On Jan. 28, a not-for-profit group called Better Together revealed its plan, which it hopes to put to a statewide vote in November 2020.
St. Louis city and county were separated by a vote in August 1876. Several previous reunification efforts have failed.
The merger would immediately boost St. Louis' standing. The city now has around 309,000 residents, making it the nation's 62nd largest city. Adding St. Louis County's 1 million residents would make St. Louis the 10th largest city, just behind Dallas.
Advocates say a single streamlined government would more efficiently serve all residents and help create better economic development. The task force recommendation states a merger also would save taxpayers hundreds of millions of dollars.
The plan has plenty of opposition. Democratic St. Louis County Executive Steve Stenger favors it, but some county leaders and many officials in the county's 88 municipalities do not.
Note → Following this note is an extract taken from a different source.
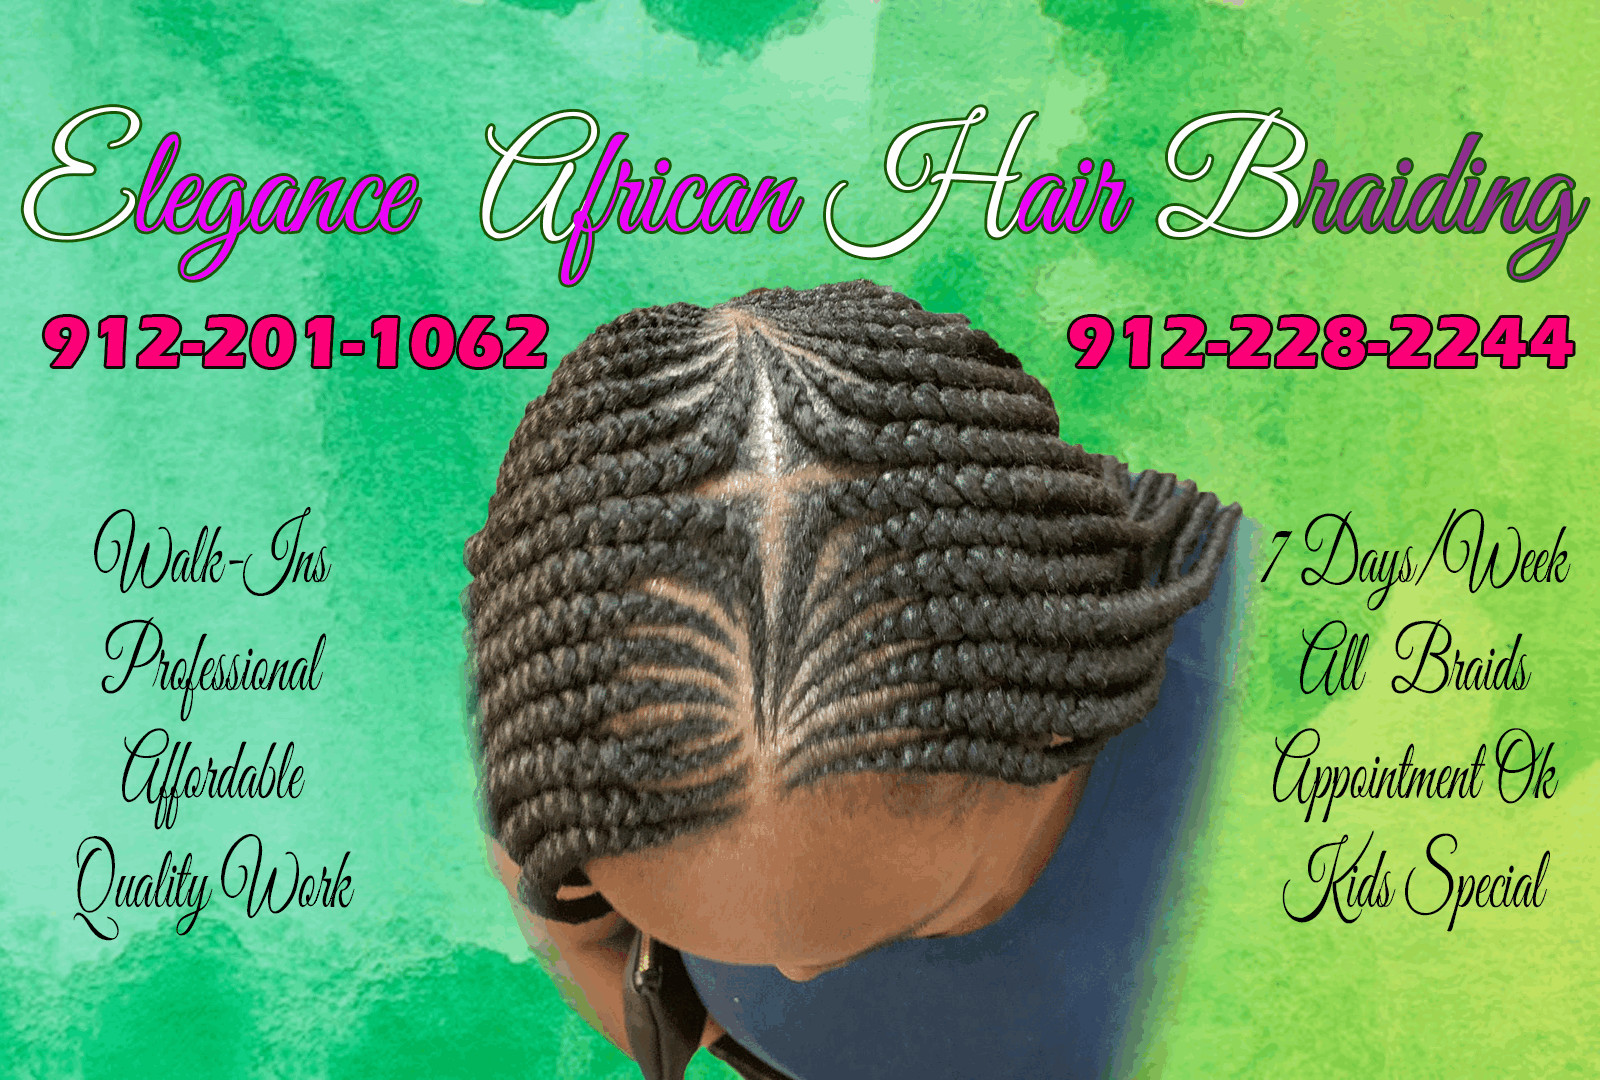 professional hair braiders in savannah ga| braiding salon near me

The proposal calls for creation of a new class of local government in Missouri called a metropolitan city. Rather than separate governing bodies, the metropolitan city of St. Louis would have a single mayor, a single elected prosecutor and 33 council members. Fifty-five police departments would be consolidated into one.
Current county municipalities would be preserved as "municipal districts" that would still levy utility and property taxes, operate parks, collect trash and serve other typical municipal functions. But the municipalities would lose authority over things such as sales tax, courts and police.